After doing some more investigating, it seems like (for me at least) the problem is improved if I add a random 1ms Sleep() to 1% of the iterations. Since I’m rarely sending or receiving large amounts of data from the GPU, but only rapid-fire calling a series of CUBLAS commands, it would make since if the card was being slowed down by a backlog of requests. While a fix is a fix is a fix, I think there must be a more efficient way to go about this. Any suggestions?


Are you calling cudaThreadSynchronize() before making timing measurements?

I run in a very different situation: typically headless servers running linux without even a windowing system installed. My app runs ~10 kernels per iteration and I have run single jobs for a more than a week and the performance at the end is the exactly same as the performance at the beginning. Come to think of it, I have run week+ jobs on a couple systems that are running X, but the screen is asleep and not doing anything. Maybe it is the active OpenGL that is the difference?

Oh, and are you guys running the latest drivers?
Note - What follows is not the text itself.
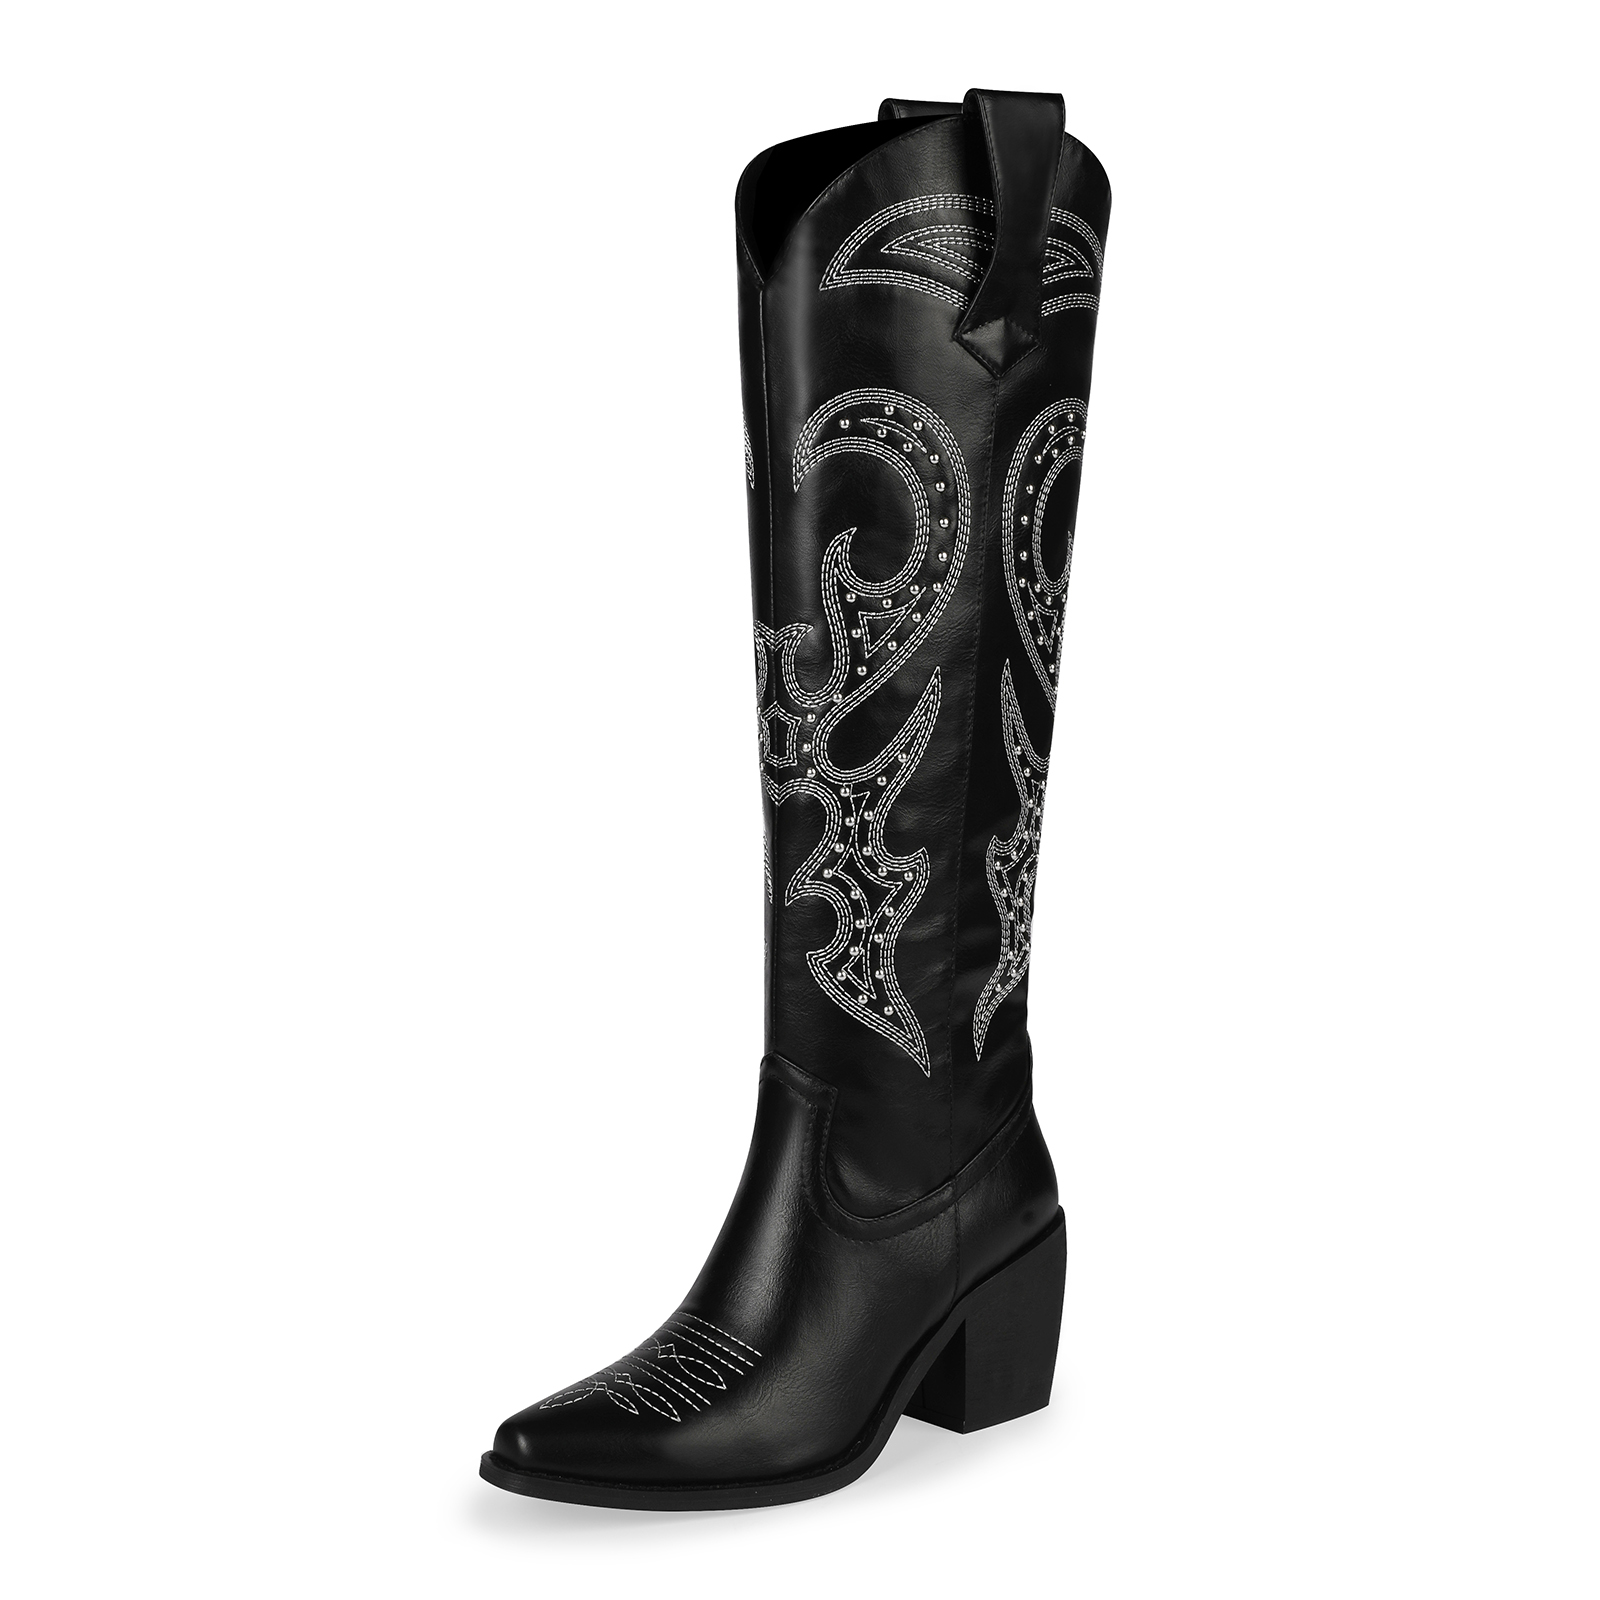 TAAFO Rivets Boots Women Western Black Tall Boots Knee High Women Cowboy Boots With Embroidery

I seem to recall a similar issue a while back that turned out to be a driver problem that was subsequently fixed.

I am calling cudaThreadSynchronize() before and __syncthreads at several points through each iteration.

The long and short of what I am doing is simulated annealing for neural network training. The interface is in Java which calls the C++ dll wrapper I wrote to interface with CUDA. What I am seeing is an exterme non-linear effect with the amount of work I throw at the dll. So if each iteration is 100 steps (each step being a ~8 CUBLAS calls) then it takes ~7ms for the DLL to return, 1000 steps will take ~1 sec, and 10,000 steps is currently running at 818 seconds!

I definitely want to move everything over to a Linux box, but that of course would take time I could/should/need to be spending elsewhere on the code.

I do have the latest drivers (CUDA 2.1).